The reply should contain the full listing exactly as written and no pictures at all.

Material provided:
↓
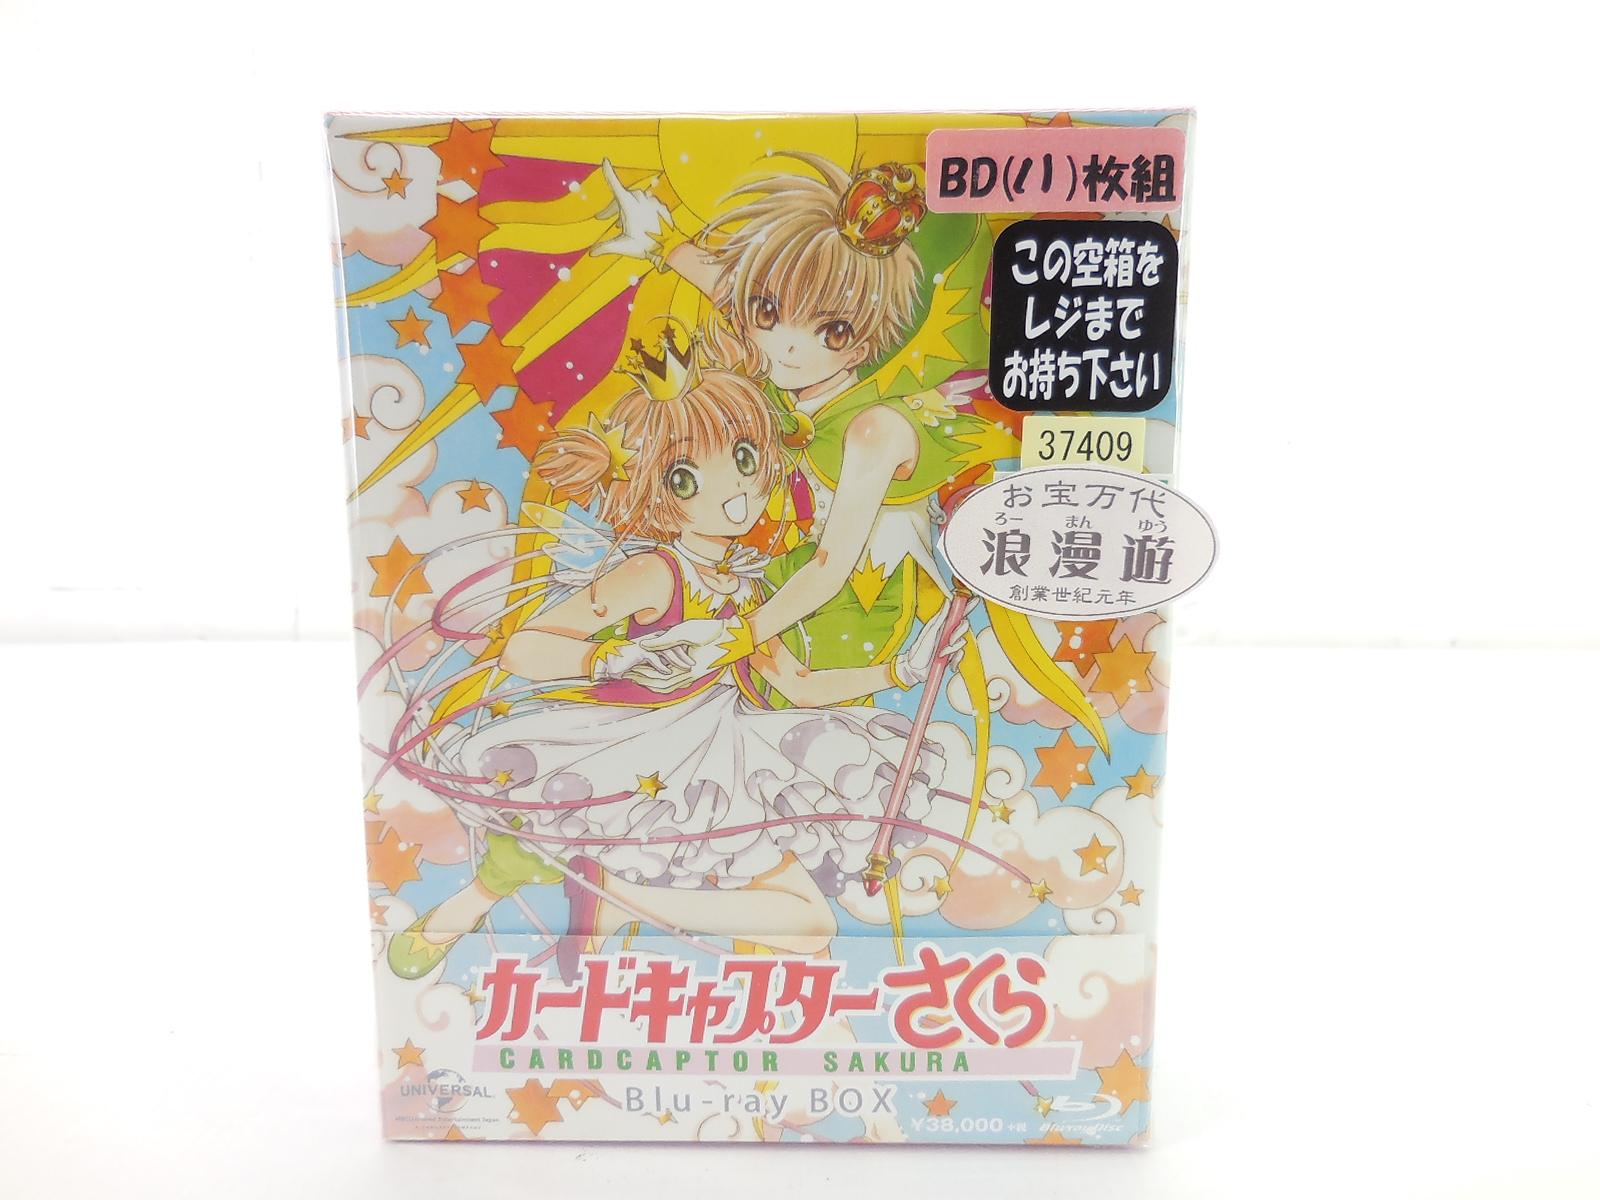 カードキャプターさくら Blu-ray-BOX 【Blu-ray】
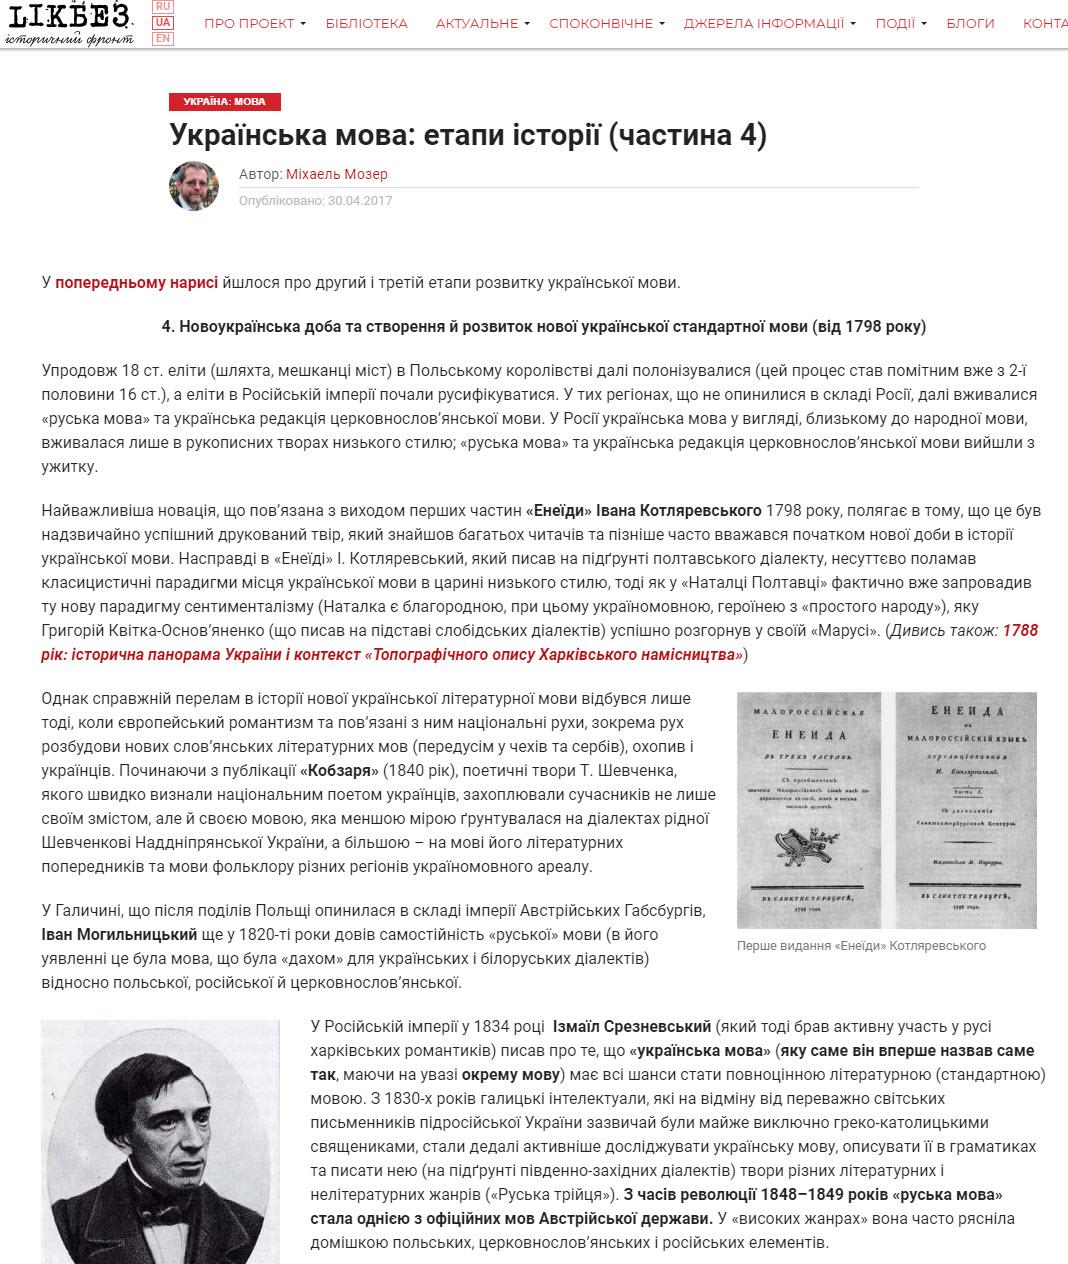 Screenshot likbez.org.ua
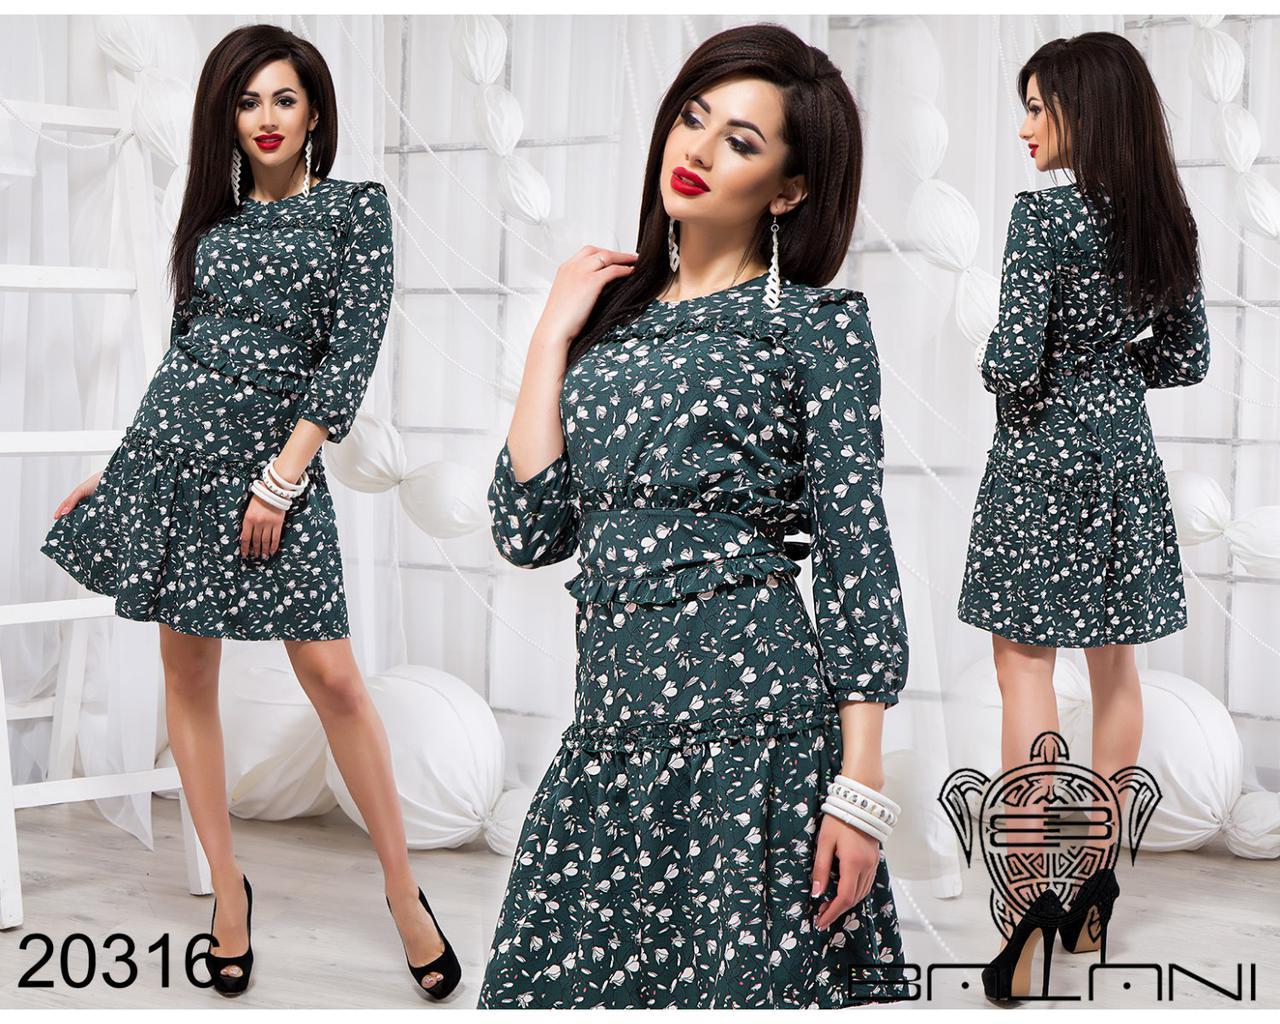 9b03830a900 Принтованое короткое платье с поясом Производитель украинская фабрика  доставка Россия СНГ р.42
↑
Answer area:
 カードキャプターさくら Blu-ray-BOX 【Blu-ray】
 Screenshot likbez.org.ua
 9b03830a900 Принтованое короткое платье с поясом Производитель украинская фабрика  доставка Россия СНГ р.42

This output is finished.